Add the two together with a heavily updated workload, and a 100 GB logical dataset routinely occupies 300 to 500 GB on disk. A 3x to 5x ratio is common on tables that combine high update volume with even one indexed column that updates touch (we get to why that matters in rung 6).
flowchart LR
A[Live data: 100 GB] --> T[Table on disk: 400 GB]
B[Dead tuples awaiting vacuum] --> T
C[Vacuumed-but-unreused free space] --> T
D[Pages mostly empty after a delete wave] --> TRead that picture from the right. The disk number you see in pg_total_relation_size is the sum of four things, and only the first one is the data the application cares about. Every later rung on this page is a tool for shrinking one of the other three.
2. Measuring bloat with pgstattuple
You cannot fix what you cannot measure, and crude tricks like “compare row count times average row size to file size” lie on tables with TOASTed columns or wide variable-length data. Two tools matter.
The pgstattuple extension is the ground-truth answer. It walks every page of a table and counts live, dead, and free bytes precisely.
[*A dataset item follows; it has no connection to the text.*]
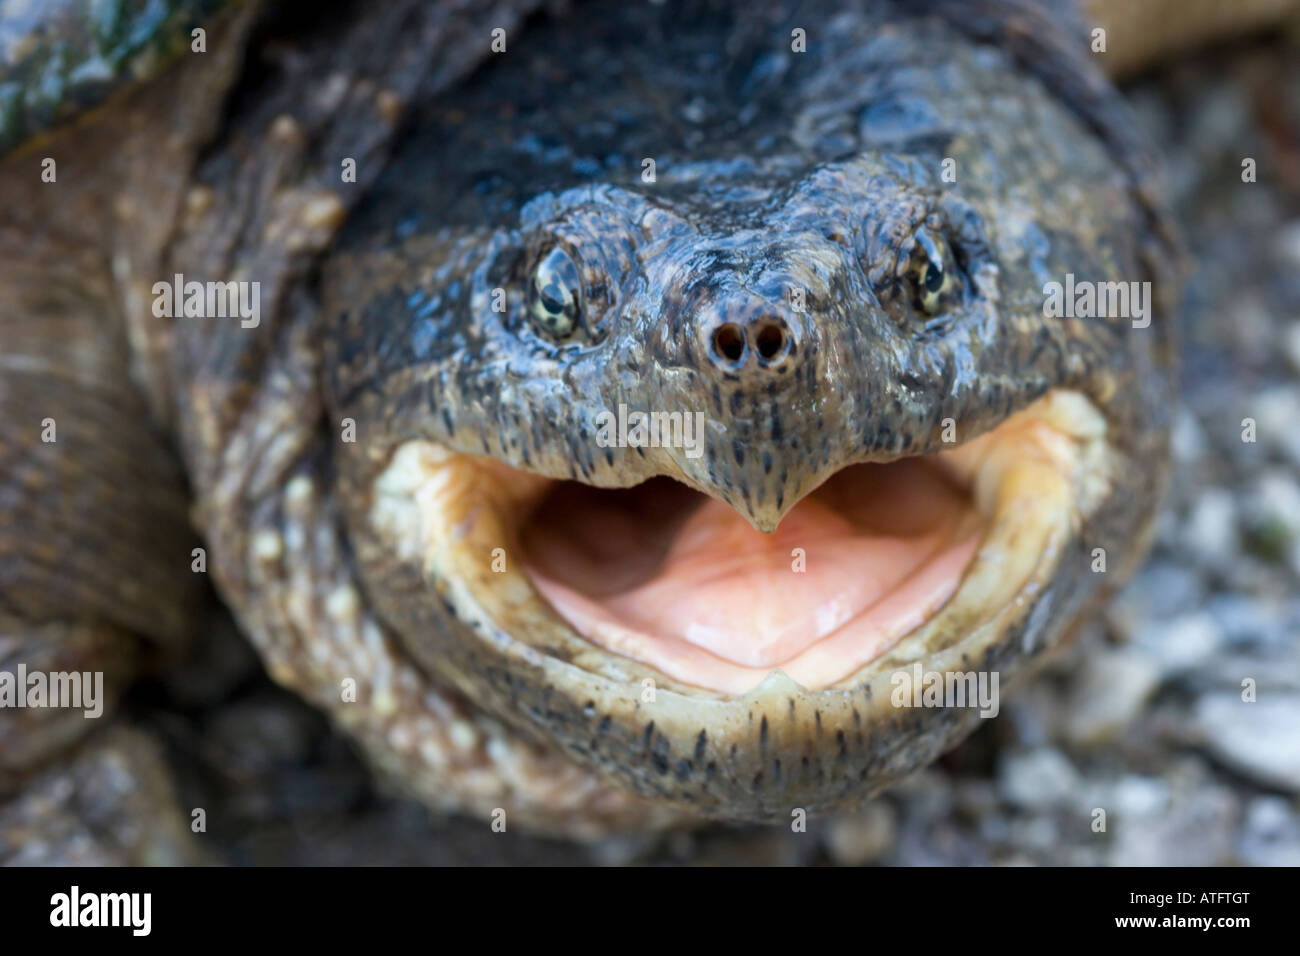 snapping turtle Stock Photo
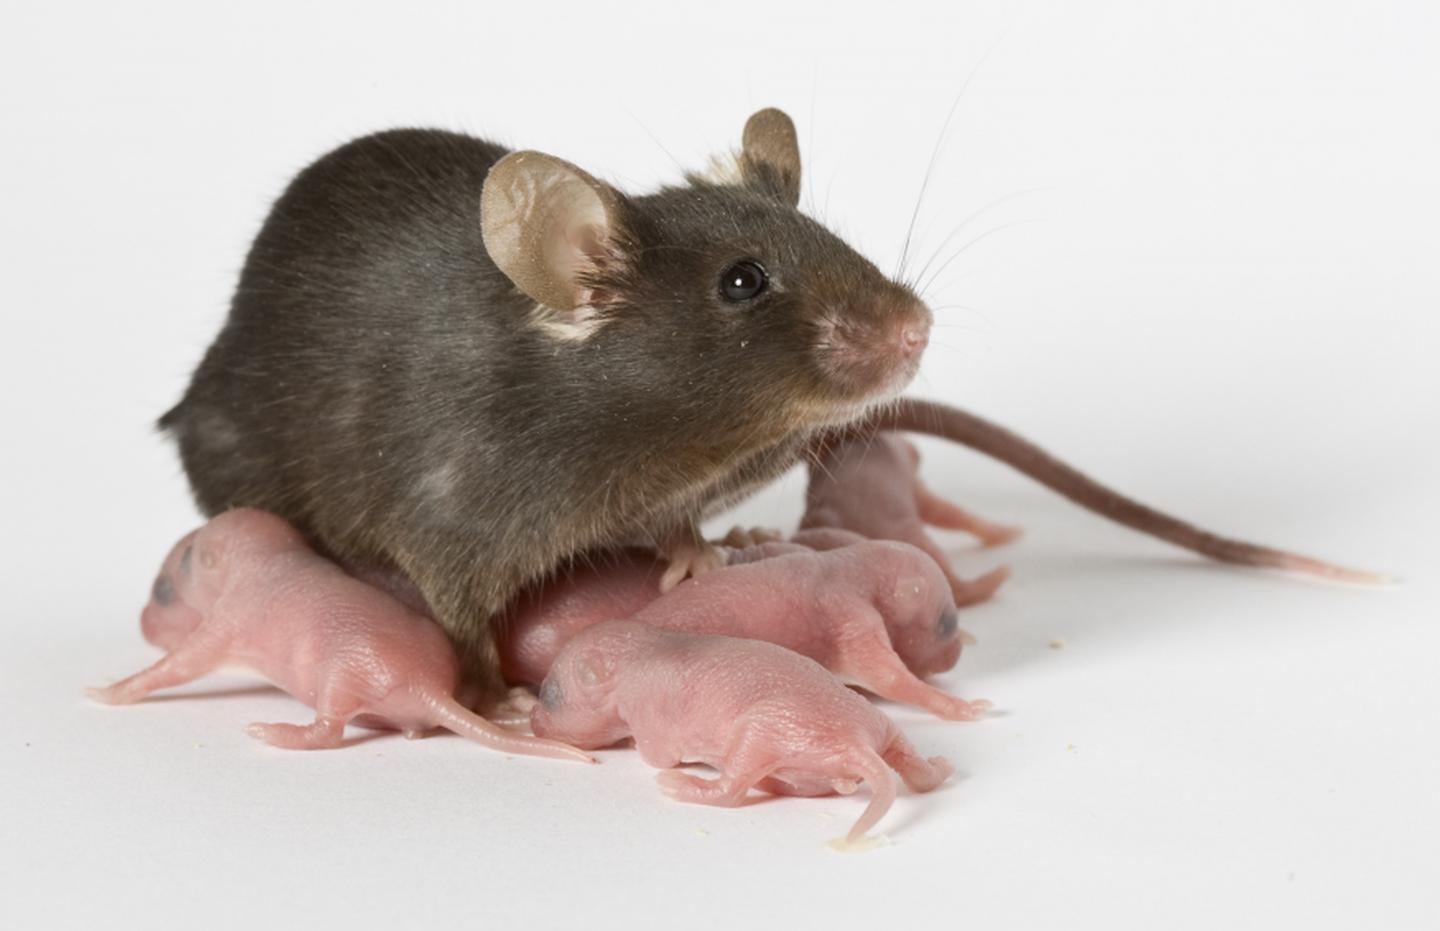 Do baby mice carry diseases?

The cost is that it reads the whole table, so on a 500 GB heap it is expensive; in production you usually point it at a single relation during an incident, not at every table on a schedule.
create extension if not exists pgstattuple;
select * from pgstattuple('orders');
The output you read carefully:
table_len | tuple_count | tuple_len | tuple_percent
dead_tuple_count | dead_tuple_len | dead_tuple_percent
free_space | free_percent
-----------+-------------+-------------+---------------
429496729600 | 812000000 | 178640000000 | 41.6
310000000 | 68200000000 | 15.9
181440000000 | 42.3
Reading that row: the file is 400 GB. About 42 percent of it is live tuples, 16 percent is dead tuples waiting on vacuum, and 42 percent is free space that vacuum has already reclaimed but no insert has filled. Logical data is 167 GB; the table is 2.4x its data. That is a bloat problem.
For dashboards across thousands of tables you cannot afford a full scan, so the community-canonical bloat-check query estimates bloat from pg_class, pg_stats, and the per-column average widths. It is a few hundred lines of SQL maintained in the open (“bloat_check.sql”, “ioguix/pgsql-bloat-estimation”, and similar), and it is what pgwatch, check_postgres, and most monitoring systems run. The estimate is good to within a few percent on most tables and a lot wider on tables with skewed widths or many TOASTed columns, so use it for alerting and pgstattuple for confirmation.
-- Cheap, indicative: estimate from catalog stats.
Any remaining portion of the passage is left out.